Postcard from Asheville
Be Happy Now
My friend has been looking for a job for more than two years. He’s interviewed with some amazing organizations, been a finalist for several terrific positions, yet he’s received no job offers. Recently over coffee, he told me about another organization he’s pursuing. “It’d be a great fit, don’t you think?” he enthused.
I wasn’t convinced. Over the past few years, my friend has enjoyed a string of interesting and lucrative freelance assignments. This freedom has allowed him to spend more time with his family. He’s one of the most devoted fathers I know.
“Are you happy?” I asked.
My question caught him off guard.“What do you mean?”
“Are you happy with the work you have right now and the life you are living?”
“It’d be great to have a steady stream of income and health benefits . . . ” he began.
“I didn’t ask you why you wanted to work for someone else,” I interrupted. “I asked you if you are happy with the work you have right now.”
“Yes, but . . . ”
I interrupted him again, “That’s a yes?”
“Yes,” he mumbled smiling.
“Stop and take a deep breath. Allow your yes to soak in,” I suggested.
He paused, took a deep breath, and I continued, “Your ‘but’ is getting in your way, my friend. You are happy. Maybe it’s time to reframe your perspective. Maybe you aren’t meant to be working for an organization right now. Maybe you are meant to be doing exactly what you are doing.”
A chill went up my spine. I knew I needed to heed my own words.

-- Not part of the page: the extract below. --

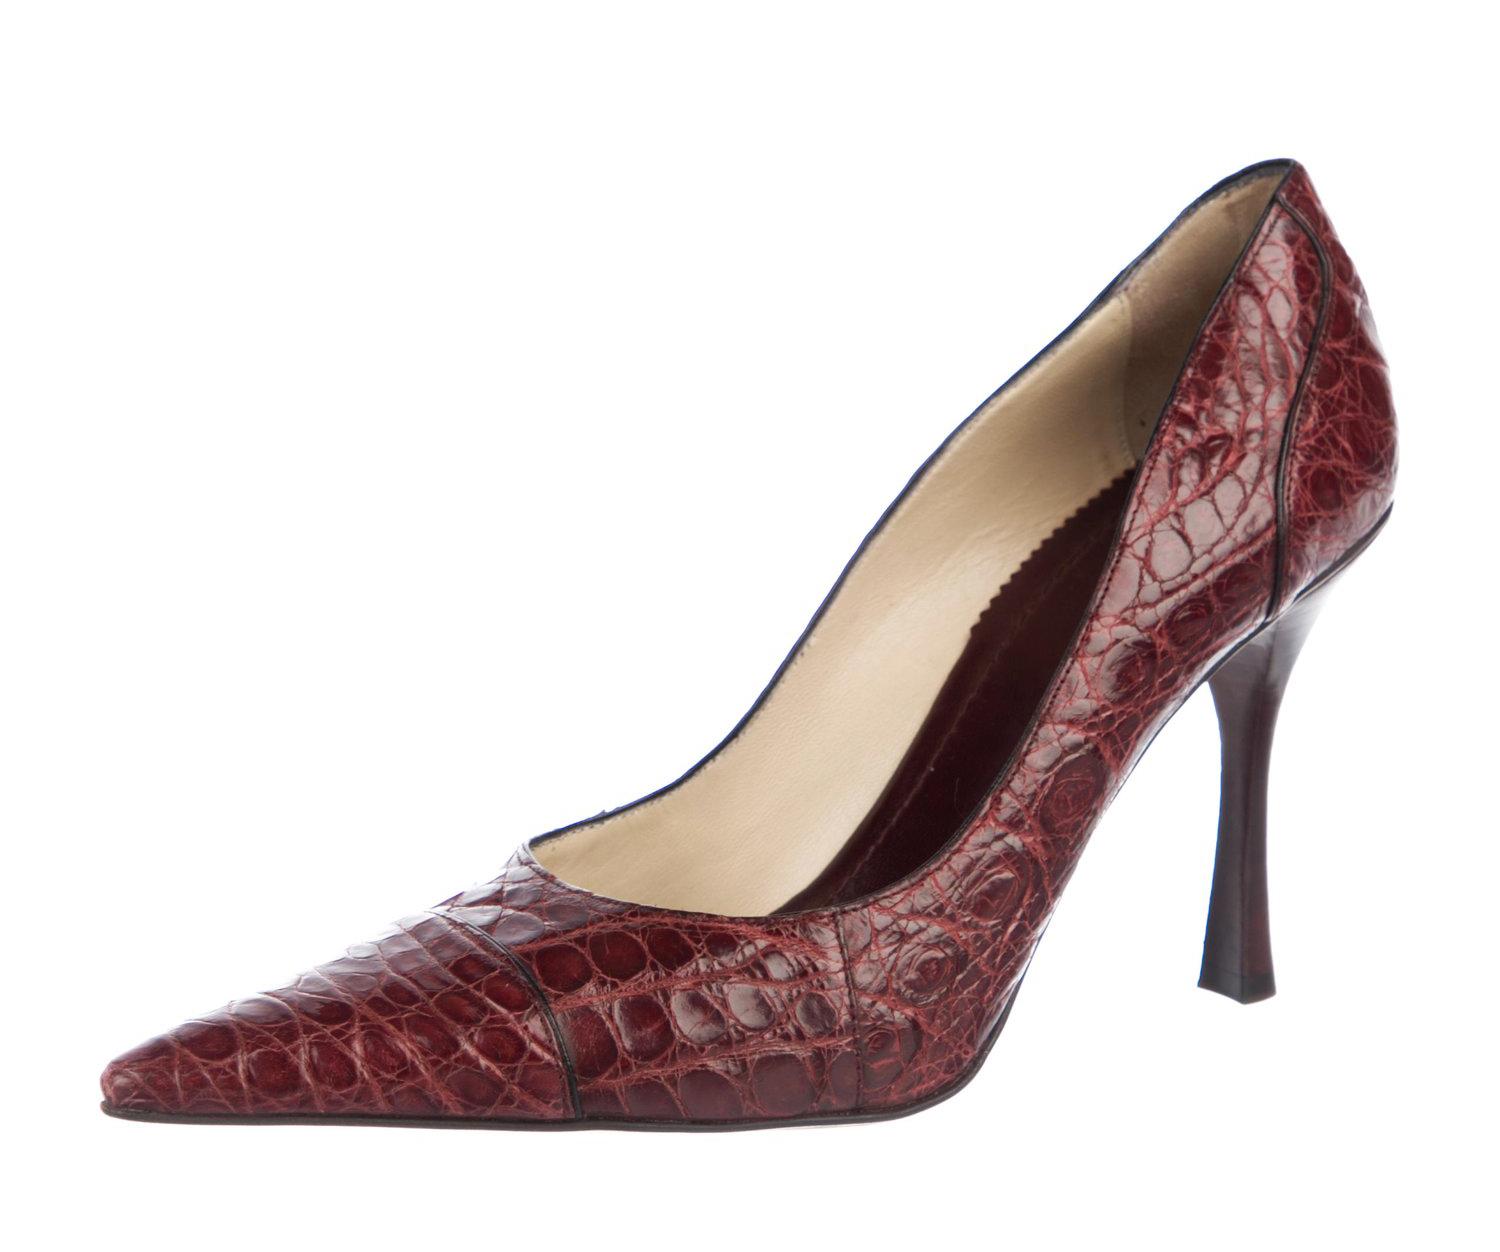 Tom Ford for Gucci F/W 2002 Collection Alligator Wine Color Shoes Pumps ...

For the past few years, I’ve known that my work—in fact, my whole life—is shifting, and I’ve been frustrated that I’ve been unable to determine “What’s next?” Yet, like my friend, I’ve never been happier.
How often do I not acknowledge my present happiness because I’m in pursuit some future goal?
“I’ll be happy when I get that gig.”
“I’ll be happy when I have a life partner.”
“I’ll be happy when I make $X a year.”
My friend helped me see that I am doing just what I need to be doing—for now. I know because I am happy. I can still have goals and dreams, but I can hold them a little less tightly now knowing that, in this moment, I am happy.